Fair warning: if you are not interested in high performance NTP, then you can stop reading this blog post right now. On the other hand if you suspect your NTP servers are behaving in a temperature dependent manner then keep reading.
In a previous post I showed how heating up your server can improve its timekeeping. I started to investigate the temperature sensitivity of NTP servers to explain odd features in the timekeeping statistics. If you wonder if your servers are having similar temperature dependencies then the first thing you need to do is start logging your temperatures with the new ntplogtemp tool and charting your temperatures with ntpviz.
In the recent past NTPsec had a number of separate tools to log temperatures from different sources. Thanks to Keane Wolter we now have a single tool that searches for all your available temperature sources and logs them with one simple daemon. This program is installed by default on recent versions of NTPsec.
ntplogtemp can use up to four different types of temperature sources: /sys Zone, lm_sensors, smartctl and TEMPer. Even better ntplogtemp will try to auto detect the sources you have.
If you have a CPU and run Linux then you already have the /sys Zone temperature available to you. To see your zone temperature:
# cat /sys/class/thermal/thermal_zone?/temp 33000
That shows a temperature of 33.000 °C on CPU zero. Some systems will only have one zone temperature, some have several zones.
A popular UNIX package is lm_sensors. It provides access to many of the sensors in your system. Installing and configuring lm_sensors is beyond the scope of this post, but well documented elsewhere for almost every OS and hardware combination. Some systems report a lot of data, and others report none. To see your available lm_sensors readings:
# sensors coretemp-isa-0000 Adapter: ISA adapter Physical id 0: +35.0°C (high = +86.0°C, crit = +96.0°C) Core 0: +29.0°C (high = +86.0°C, crit = +96.0°C) Core 1: +26.0°C (high = +86.0°C, crit = +96.0°C) Core 2: +26.0°C (high = +86.0°C, crit = +96.0°C) Core 3: +26.0°C (high = +86.0°C, crit = +96.0°C)

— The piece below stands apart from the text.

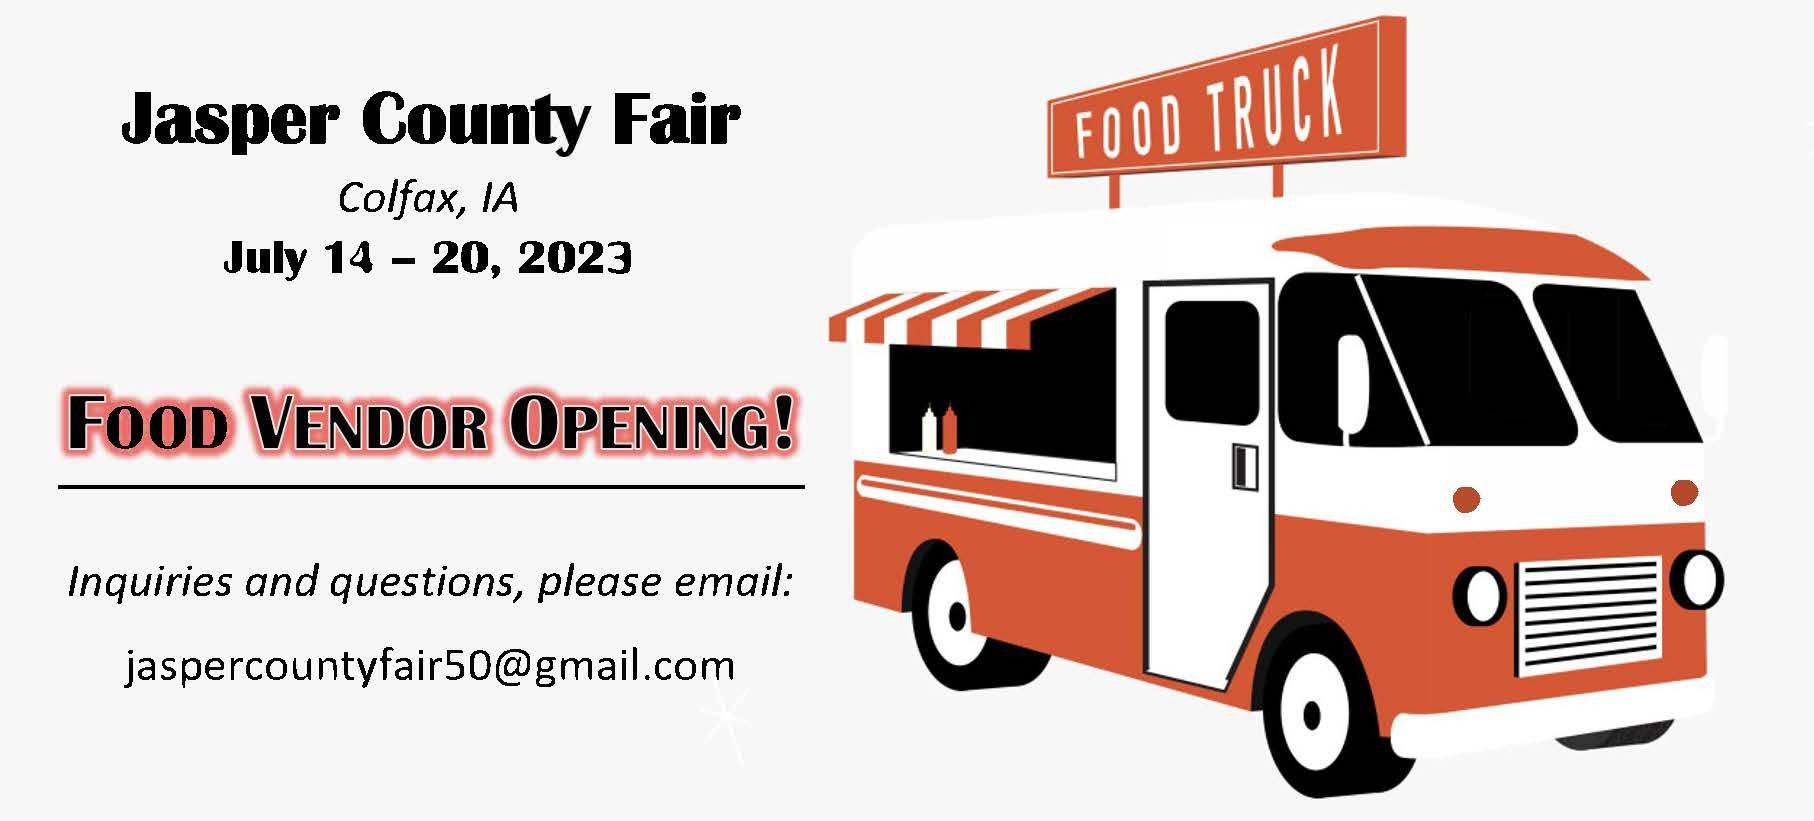 2023 Food Vendors Needed by Jasper County Fair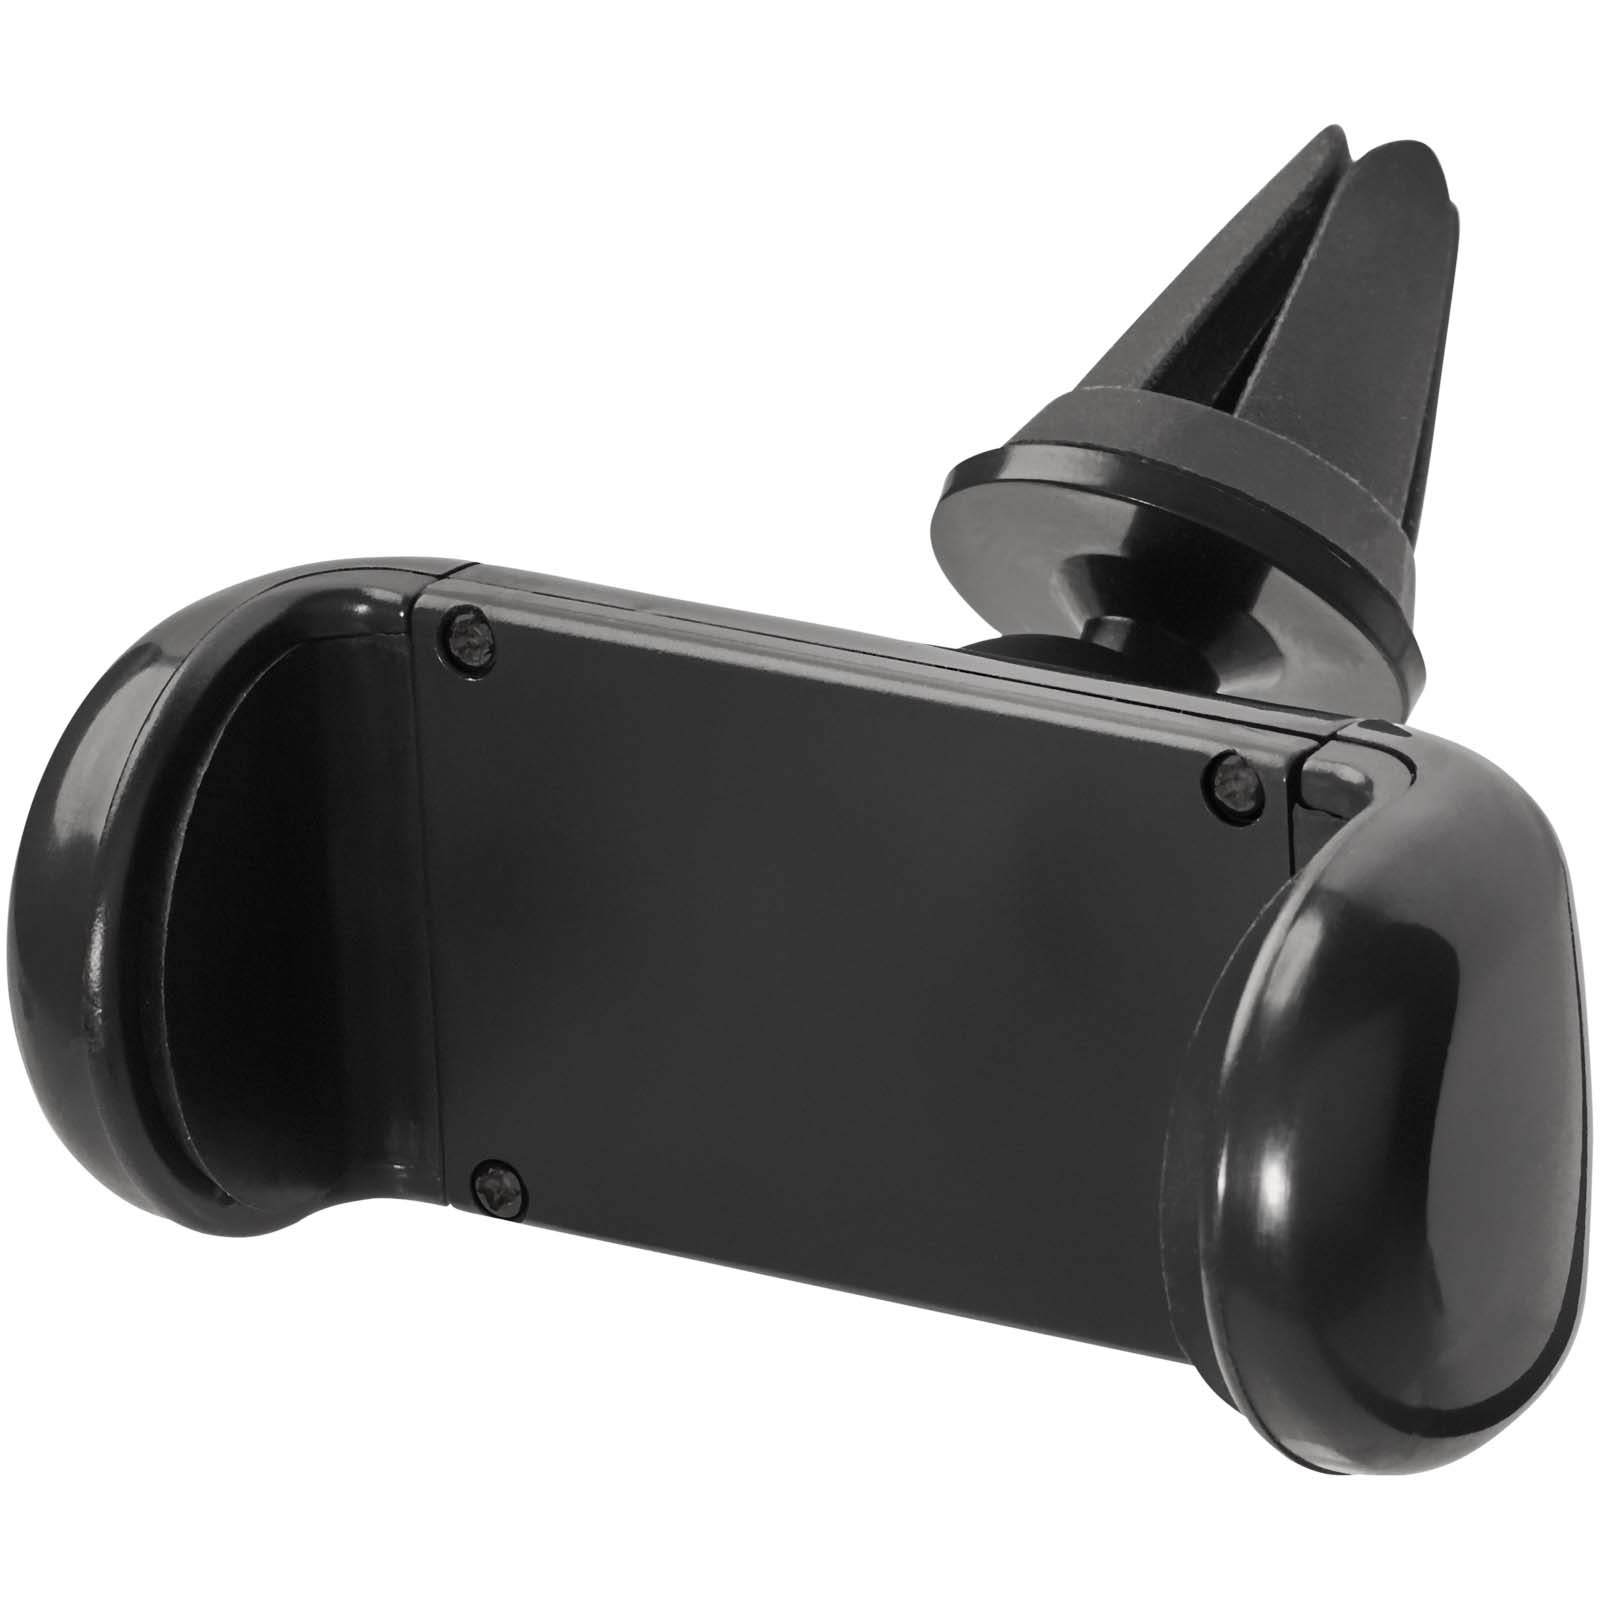 Technology - Grip car phone holder

That shows 5 temperatures: the CPU chip, and the four cores.
Another popular UNIX package is smartctl. Regardless of what you do on a UNIX box you really should have smartctl installed and running all the time. smartctl monitors your HDD and SDD health and will usually warn you before any loss of data that your data drive need replacing.
For our purposes, many drives also report their temperature. I find the drive temperature is usually pretty close to the south-bridge temperature. To find out if your /dev/sda reports a temperature, simply run this:
# smartctl -A /dev/sda | fgrep 194 194 Temperature_Celsius 0x0022 029 039 000 Old_age Always - 29 (Min/Max 21/39)
You can see that the drive temperature is 29 °C.
The most versatile temperature sensor is also the one you are least likely to have: the TEMPer. The TEMPer is not really an exact device, but a class of USB temperature sensors from China. They all behave similarly and only need HID kernel drivers. The same, or similar, to the HID drivers that connect to your keyboard, touch-pad and mouse. Some are plastic, some metal, most are about the same size.
A quick search will find similar looking single temperature sensors from $10 to $40. Advanced models may add an external temperature probe, humidity sensor, or thermocouple interface, but they are all based on the same design and microcode. Avoid the unit with the external probe as it suffers from significant self heating.
Since the TEMPer is an HID device there are Python drivers to read the sensor(s) on most every platform. I prefer the temper-python program available here: http://github.com/padelt/temper-python.git
Once you have the TEMPer inserted into a USB port and temper-python installed it is easy to read the device temperature:
# temper-poll Found 1 devices Device #0: 21.1°C 69.9°F
This shows the room temperature around my server is at 21.1 °C.
All Together Now
Assuming that you have one or more of these sources installed, then ntplogtemp brings them all together:
# ntplogtemp # time, sensor, value 1489794259 ZONE0 35.0 1489794259 LM0 34.000 1489794259 LM1 30.000 1489794259 LM2 28.000 1489794259 LM3 32.000 1489794259 LM4 27.000 1489794259 /dev/sda 29 1489794259 /dev/sdb 30 1489794259 /dev/sdc 36 1489794259 /dev/sdd 40 1489794260 TEMPER0 21.1 ^C
That gives you a nice profile of temperatures in and around your system. But you probably do not want to have to run a spreadsheet by hand, so log all the data in the background then ntpviz can use it. This will log all your temperature data once every five minutes:
ntplogtemp -l /var/log/ntpstats/temps -w 300 &
And you are done, or rather started. Go away for 24 hours, then come back and look at your new ntpviz data.
Putting it all together, we get a lot of data. In a later blog post we’ll see a good way to put it to use. Here is a look at how all those temperatures look alongside the Local Clock Frequency Offset. That offset is shown here in red and is the NTP parameter most sensitive to temperature. To my eye the offset correlates best with LM1, the temperature of CPU core zero.